В литклубе "Стилос" ждали юбиляра - писателя Вениамина Вершинина. В дальней комнате все было готово к фуршету и до времени закрыто на ключ. В ближней - в "конференц-зале" - правильными рядами выстроились скамейки и стулья. Мероприятие было назначено на шесть, но пошел седьмой час, а героя торжества не было.
Николай Семенович, президент клуба и замглавы крупного издательства, - немолодой, тучный мужчина с широким лицом и барственными манерами, - сидя за председательским столом, хмуро поглядывал на пустой табурет, предназначенный для Вершинина: "У-у-у, Веня, Веня... Уж на собственный юбилей мог бы и вовремя явиться! Когда-то заранее, чуть не за час приходил, приходил и ждал как миленький... А теперь куда там! Теперь мы культовый постмодернист! Маяк и светило! Теперь пусть другие ждут. А мне сиди с ними! ... Фу-ты, упрел весь! Тоже мне начало июня! Жарит как в бане. Еще народу не продохнуть... И хоть бы кто возмутился: слава славой, но надо же человеком быть! Так нет же, фуршета ждут, собачки Павлова... Сколько там натикало?" - хотел он взглянуть на часы, когда из коридора донеслись звуки шагов и приветственные возгласы. Президент привстал, выказав широкую улыбку, и по-дружески раскинул руки, дескать, дай обниму тебя, юбилярушка, - но радость оказалась преждевременной, хотя отчасти оправданной. В зал вошли трое иностранцев, а значит, мероприятие принимало значение международного.
Учтиво кивая по сторонам, они направились к первым рядам, уселись перед председательской кафедрой, надеясь безотлагательно получить разъяснения относительно текущего момента. Николай Семеныч, как человек деловой и вполне объевропеившийся, знал, что внимание VIP-гостей нельзя оставлять без удовлетворения, а потому немедля огласил свою президентскую волю:
- Мы собрались, чтоб поздравить уважаемого Вениамина Александровича с двадцатилетием литературной деятельности: деятельности писателя, переводчика и редактора. Из этих двадцати - десять лет он с нами, с нашим клубом. Десять из двадцати! Можно сказать, полжизни, пол-литературной жизни, - подпустил он романтической нотки, и тут же, словно смутившись нечаянной сентиментальностью, вернулся к делам житейским (какой актер! какой актер пропадал!) - Но, сами знаете, жара, пробки... Да и гости... Не все приглашенные еще подошли. Предлагаю подождать. А через пятнадцать минут начнем. Начнем несмотря ни на что!

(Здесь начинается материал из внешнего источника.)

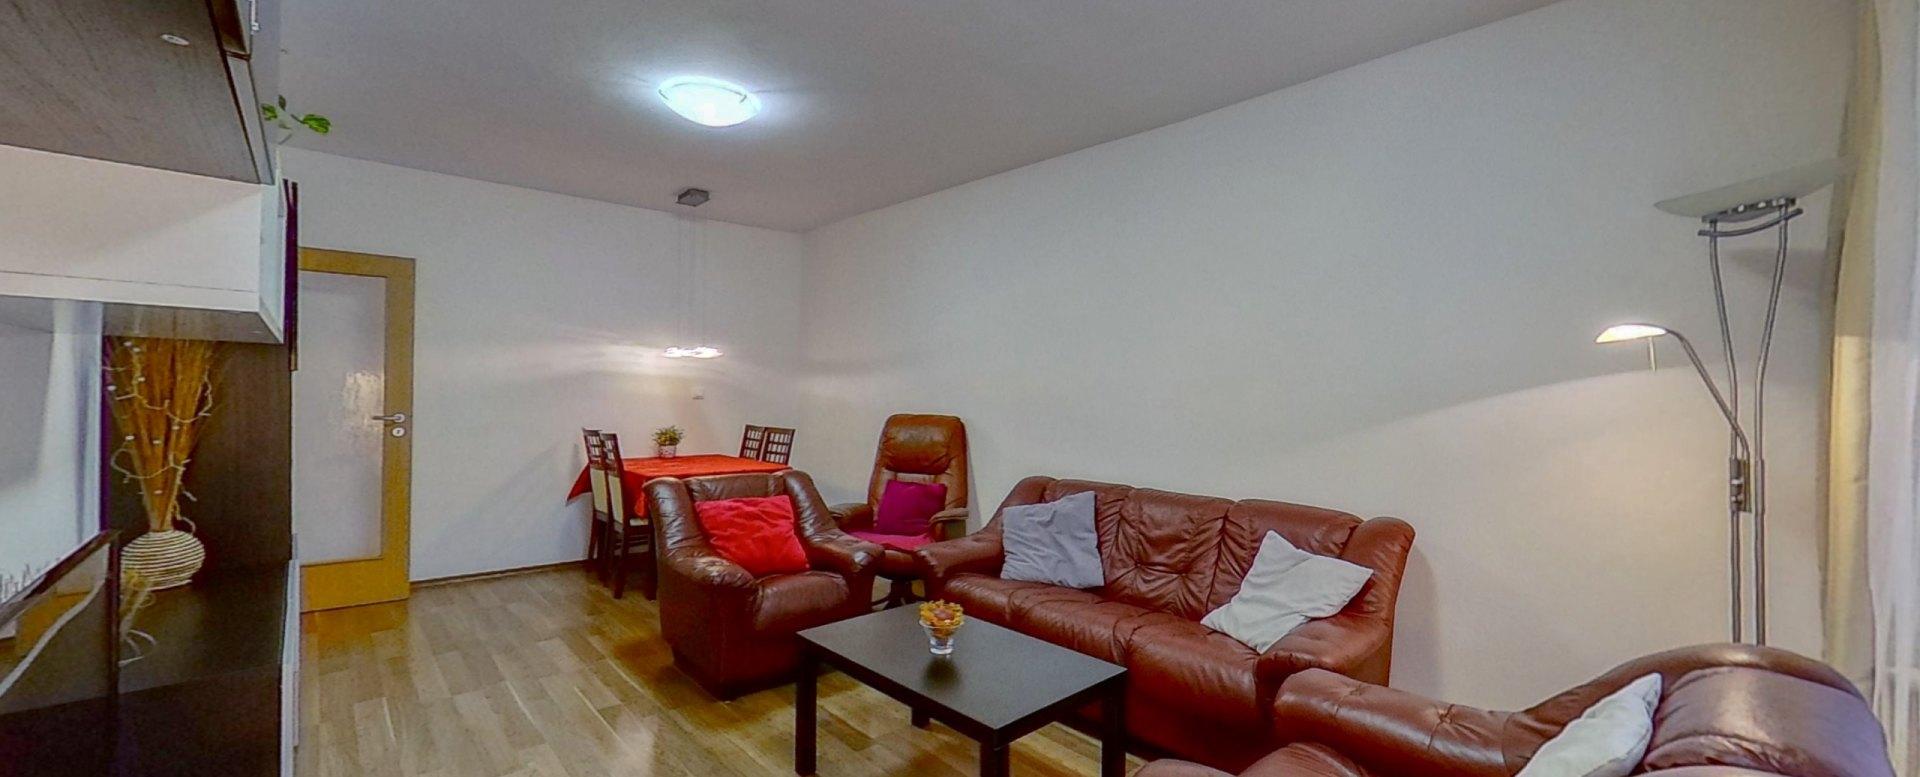 Pohľad na sedaciu súpravu s konferenčným stolíkom v obývacej izbe

"Вершинин Вершининым, а "Стилос" и без него кое-что значит", - добавил про себя Николай Семеныч, немало сделавший для репутации клуба. Европейская троица, недовольно покачав головами, уткнулась в свои телефоны. "Стиляги" (так называли себя участники "Стилоса"), устремившиеся было на зов Самого, отхлынули кто куда, а Николай Семеныч, прокряхтев что-то про духоту и погоду, вернулся на президентское место и, являя пример совершенного спокойствия, закрыл глаза, чтоб предаться минутной дреме. И возможно, задремал бы, если бы не случайный разговор неподалеку:
- И что мы пишем? - спрашивал голос юноши.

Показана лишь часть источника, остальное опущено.